- **ASSIGNMENT**
Repeat exactly, and only, the lines of the entries below from the one with "The daily report on coronavirus in Lebanon" through the one with "3d Steel waste", both ends included.

[Collection entries]

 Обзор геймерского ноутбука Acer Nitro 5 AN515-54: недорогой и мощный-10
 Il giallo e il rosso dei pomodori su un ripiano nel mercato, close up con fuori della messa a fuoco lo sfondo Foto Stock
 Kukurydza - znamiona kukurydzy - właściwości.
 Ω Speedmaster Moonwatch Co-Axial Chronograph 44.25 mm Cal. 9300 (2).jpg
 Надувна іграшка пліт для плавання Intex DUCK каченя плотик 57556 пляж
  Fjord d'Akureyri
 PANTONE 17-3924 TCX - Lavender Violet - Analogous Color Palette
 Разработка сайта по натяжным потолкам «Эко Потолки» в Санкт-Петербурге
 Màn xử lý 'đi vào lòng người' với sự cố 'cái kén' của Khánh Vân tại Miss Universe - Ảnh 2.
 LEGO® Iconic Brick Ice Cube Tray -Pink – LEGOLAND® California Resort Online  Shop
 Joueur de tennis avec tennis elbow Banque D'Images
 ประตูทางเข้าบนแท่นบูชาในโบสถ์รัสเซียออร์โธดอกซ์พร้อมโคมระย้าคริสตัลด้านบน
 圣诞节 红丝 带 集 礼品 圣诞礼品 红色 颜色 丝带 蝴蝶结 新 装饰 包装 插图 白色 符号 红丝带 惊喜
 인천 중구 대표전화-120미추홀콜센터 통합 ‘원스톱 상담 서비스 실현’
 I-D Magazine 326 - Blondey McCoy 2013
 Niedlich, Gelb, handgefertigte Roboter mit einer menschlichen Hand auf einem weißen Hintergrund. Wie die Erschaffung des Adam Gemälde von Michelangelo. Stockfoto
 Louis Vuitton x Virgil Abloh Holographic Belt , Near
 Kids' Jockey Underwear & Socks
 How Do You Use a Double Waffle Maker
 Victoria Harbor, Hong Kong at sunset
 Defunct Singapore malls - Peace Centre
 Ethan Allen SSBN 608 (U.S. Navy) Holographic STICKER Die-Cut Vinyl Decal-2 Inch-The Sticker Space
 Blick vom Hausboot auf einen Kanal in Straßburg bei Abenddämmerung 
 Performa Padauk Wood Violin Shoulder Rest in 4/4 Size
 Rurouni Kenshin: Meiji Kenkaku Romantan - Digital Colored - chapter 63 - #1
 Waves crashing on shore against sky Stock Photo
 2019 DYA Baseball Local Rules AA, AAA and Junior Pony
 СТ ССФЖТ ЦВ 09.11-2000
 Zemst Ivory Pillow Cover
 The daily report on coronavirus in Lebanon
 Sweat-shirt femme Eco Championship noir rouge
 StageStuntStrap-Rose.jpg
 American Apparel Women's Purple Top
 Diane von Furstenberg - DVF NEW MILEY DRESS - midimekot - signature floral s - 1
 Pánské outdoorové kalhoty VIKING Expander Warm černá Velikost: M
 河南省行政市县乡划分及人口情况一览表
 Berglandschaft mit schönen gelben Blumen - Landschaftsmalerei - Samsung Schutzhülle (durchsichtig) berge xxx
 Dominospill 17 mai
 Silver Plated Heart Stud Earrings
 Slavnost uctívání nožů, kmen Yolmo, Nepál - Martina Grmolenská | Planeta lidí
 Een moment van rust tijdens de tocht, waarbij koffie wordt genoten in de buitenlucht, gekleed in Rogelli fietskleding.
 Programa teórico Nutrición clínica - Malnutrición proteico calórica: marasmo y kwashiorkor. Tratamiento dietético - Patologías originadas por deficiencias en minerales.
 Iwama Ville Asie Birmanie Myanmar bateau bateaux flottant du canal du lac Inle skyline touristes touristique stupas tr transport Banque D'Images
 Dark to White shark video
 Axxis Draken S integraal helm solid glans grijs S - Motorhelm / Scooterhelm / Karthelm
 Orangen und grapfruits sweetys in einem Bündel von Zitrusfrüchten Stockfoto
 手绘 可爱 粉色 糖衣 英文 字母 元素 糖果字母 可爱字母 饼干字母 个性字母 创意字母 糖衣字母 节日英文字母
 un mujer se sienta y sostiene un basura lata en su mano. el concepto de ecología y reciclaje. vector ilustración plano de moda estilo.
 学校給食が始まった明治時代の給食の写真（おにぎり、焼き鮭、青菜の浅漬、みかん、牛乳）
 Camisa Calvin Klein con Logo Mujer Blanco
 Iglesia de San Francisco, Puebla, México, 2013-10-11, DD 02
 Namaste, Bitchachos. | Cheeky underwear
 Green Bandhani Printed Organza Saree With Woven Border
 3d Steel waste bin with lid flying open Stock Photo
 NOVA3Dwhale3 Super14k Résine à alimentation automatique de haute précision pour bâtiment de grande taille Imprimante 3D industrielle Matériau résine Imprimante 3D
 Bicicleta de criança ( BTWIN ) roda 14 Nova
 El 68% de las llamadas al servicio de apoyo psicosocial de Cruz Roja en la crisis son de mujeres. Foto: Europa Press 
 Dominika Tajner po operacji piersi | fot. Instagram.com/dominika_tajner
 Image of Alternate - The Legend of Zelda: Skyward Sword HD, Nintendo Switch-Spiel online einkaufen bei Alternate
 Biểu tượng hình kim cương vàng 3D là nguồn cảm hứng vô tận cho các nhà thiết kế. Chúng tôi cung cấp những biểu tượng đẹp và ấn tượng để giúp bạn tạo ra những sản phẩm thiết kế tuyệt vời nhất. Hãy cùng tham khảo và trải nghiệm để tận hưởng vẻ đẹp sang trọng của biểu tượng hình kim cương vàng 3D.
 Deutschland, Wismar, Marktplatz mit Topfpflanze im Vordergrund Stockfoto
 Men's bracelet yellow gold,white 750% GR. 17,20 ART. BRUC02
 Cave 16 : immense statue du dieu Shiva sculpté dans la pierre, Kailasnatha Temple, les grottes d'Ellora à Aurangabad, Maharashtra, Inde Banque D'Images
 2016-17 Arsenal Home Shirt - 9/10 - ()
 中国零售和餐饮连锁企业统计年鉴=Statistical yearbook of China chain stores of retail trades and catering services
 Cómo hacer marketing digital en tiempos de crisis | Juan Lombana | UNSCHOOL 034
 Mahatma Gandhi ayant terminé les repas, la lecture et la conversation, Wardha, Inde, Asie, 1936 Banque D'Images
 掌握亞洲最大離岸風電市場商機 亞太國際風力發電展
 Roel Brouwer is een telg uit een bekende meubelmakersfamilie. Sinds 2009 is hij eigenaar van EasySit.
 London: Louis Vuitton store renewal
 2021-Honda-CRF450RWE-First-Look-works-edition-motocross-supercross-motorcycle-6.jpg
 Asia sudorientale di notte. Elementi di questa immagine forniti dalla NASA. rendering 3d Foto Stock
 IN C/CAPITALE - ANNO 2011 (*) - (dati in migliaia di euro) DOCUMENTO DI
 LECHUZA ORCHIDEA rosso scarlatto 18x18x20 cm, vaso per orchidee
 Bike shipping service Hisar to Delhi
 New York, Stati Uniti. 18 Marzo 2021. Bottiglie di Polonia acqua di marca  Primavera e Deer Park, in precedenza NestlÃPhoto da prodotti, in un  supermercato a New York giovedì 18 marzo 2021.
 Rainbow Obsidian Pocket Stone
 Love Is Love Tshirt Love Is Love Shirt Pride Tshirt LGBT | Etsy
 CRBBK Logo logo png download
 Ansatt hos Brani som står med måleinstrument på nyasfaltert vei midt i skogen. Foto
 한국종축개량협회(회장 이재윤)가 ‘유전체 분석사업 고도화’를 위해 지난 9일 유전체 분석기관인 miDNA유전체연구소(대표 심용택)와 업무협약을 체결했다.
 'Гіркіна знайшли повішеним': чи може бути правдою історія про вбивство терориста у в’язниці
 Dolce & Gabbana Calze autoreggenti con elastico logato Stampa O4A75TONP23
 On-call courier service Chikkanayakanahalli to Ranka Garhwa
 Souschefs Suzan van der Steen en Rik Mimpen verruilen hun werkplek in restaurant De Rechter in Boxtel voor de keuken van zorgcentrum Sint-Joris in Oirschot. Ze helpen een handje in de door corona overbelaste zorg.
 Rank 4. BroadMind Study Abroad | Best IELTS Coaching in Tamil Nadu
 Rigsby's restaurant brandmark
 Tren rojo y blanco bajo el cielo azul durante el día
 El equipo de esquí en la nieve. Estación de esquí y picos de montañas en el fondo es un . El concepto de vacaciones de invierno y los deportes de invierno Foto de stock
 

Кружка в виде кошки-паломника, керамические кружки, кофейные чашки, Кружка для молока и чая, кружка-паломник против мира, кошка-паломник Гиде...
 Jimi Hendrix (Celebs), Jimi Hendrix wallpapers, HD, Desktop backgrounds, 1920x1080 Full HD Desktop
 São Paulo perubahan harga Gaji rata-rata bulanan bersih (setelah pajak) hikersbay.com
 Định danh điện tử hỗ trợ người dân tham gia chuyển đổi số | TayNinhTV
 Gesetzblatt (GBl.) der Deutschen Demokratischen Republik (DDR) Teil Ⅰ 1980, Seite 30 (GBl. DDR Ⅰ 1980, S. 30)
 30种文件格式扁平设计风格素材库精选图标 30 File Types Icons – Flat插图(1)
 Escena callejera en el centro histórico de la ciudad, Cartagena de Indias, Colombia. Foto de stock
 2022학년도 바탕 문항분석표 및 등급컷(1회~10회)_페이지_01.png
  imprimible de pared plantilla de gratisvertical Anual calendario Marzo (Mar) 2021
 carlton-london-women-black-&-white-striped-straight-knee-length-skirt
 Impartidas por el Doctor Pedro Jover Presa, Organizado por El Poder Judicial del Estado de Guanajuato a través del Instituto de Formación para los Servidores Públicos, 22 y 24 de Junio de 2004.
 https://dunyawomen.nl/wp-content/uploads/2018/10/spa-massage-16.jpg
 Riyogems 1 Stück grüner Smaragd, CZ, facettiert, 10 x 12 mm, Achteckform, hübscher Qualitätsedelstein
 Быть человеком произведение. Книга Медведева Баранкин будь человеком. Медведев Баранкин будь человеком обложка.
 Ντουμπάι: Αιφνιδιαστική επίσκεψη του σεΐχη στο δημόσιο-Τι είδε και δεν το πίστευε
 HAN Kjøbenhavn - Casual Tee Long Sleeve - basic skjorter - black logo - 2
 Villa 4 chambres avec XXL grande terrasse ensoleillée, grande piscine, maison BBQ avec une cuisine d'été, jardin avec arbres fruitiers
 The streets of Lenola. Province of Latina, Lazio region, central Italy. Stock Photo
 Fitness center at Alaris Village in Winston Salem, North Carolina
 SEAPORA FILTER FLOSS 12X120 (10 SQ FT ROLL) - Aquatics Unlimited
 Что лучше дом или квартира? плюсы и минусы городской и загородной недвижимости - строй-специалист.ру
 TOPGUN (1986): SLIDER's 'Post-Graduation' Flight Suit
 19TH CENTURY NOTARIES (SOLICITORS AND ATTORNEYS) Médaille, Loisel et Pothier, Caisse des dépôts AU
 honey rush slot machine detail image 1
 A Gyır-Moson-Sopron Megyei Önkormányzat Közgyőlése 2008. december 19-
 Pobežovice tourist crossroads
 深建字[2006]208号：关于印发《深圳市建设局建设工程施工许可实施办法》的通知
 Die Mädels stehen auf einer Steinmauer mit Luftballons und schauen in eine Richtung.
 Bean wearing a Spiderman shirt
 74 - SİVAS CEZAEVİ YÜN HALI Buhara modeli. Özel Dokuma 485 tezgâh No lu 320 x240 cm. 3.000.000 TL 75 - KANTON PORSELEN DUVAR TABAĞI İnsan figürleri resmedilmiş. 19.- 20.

- **YOUR RESPONSE**
 The daily report on coronavirus in Lebanon
 Sweat-shirt femme Eco Championship noir rouge
 StageStuntStrap-Rose.jpg
 American Apparel Women's Purple Top
 Diane von Furstenberg - DVF NEW MILEY DRESS - midimekot - signature floral s - 1
 Pánské outdoorové kalhoty VIKING Expander Warm černá Velikost: M
 河南省行政市县乡划分及人口情况一览表
 Berglandschaft mit schönen gelben Blumen - Landschaftsmalerei - Samsung Schutzhülle (durchsichtig) berge xxx
 Dominospill 17 mai
 Silver Plated Heart Stud Earrings
 Slavnost uctívání nožů, kmen Yolmo, Nepál - Martina Grmolenská | Planeta lidí
 Een moment van rust tijdens de tocht, waarbij koffie wordt genoten in de buitenlucht, gekleed in Rogelli fietskleding.
 Programa teórico Nutrición clínica - Malnutrición proteico calórica: marasmo y kwashiorkor. Tratamiento dietético - Patologías originadas por deficiencias en minerales.
 Iwama Ville Asie Birmanie Myanmar bateau bateaux flottant du canal du lac Inle skyline touristes touristique stupas tr transport Banque D'Images
 Dark to White shark video
 Axxis Draken S integraal helm solid glans grijs S - Motorhelm / Scooterhelm / Karthelm
 Orangen und grapfruits sweetys in einem Bündel von Zitrusfrüchten Stockfoto
 手绘 可爱 粉色 糖衣 英文 字母 元素 糖果字母 可爱字母 饼干字母 个性字母 创意字母 糖衣字母 节日英文字母
 un mujer se sienta y sostiene un basura lata en su mano. el concepto de ecología y reciclaje. vector ilustración plano de moda estilo.
 学校給食が始まった明治時代の給食の写真（おにぎり、焼き鮭、青菜の浅漬、みかん、牛乳）
 Camisa Calvin Klein con Logo Mujer Blanco
 Iglesia de San Francisco, Puebla, México, 2013-10-11, DD 02
 Namaste, Bitchachos. | Cheeky underwear
 Green Bandhani Printed Organza Saree With Woven Border
 3d Steel waste bin with lid flying open Stock Photo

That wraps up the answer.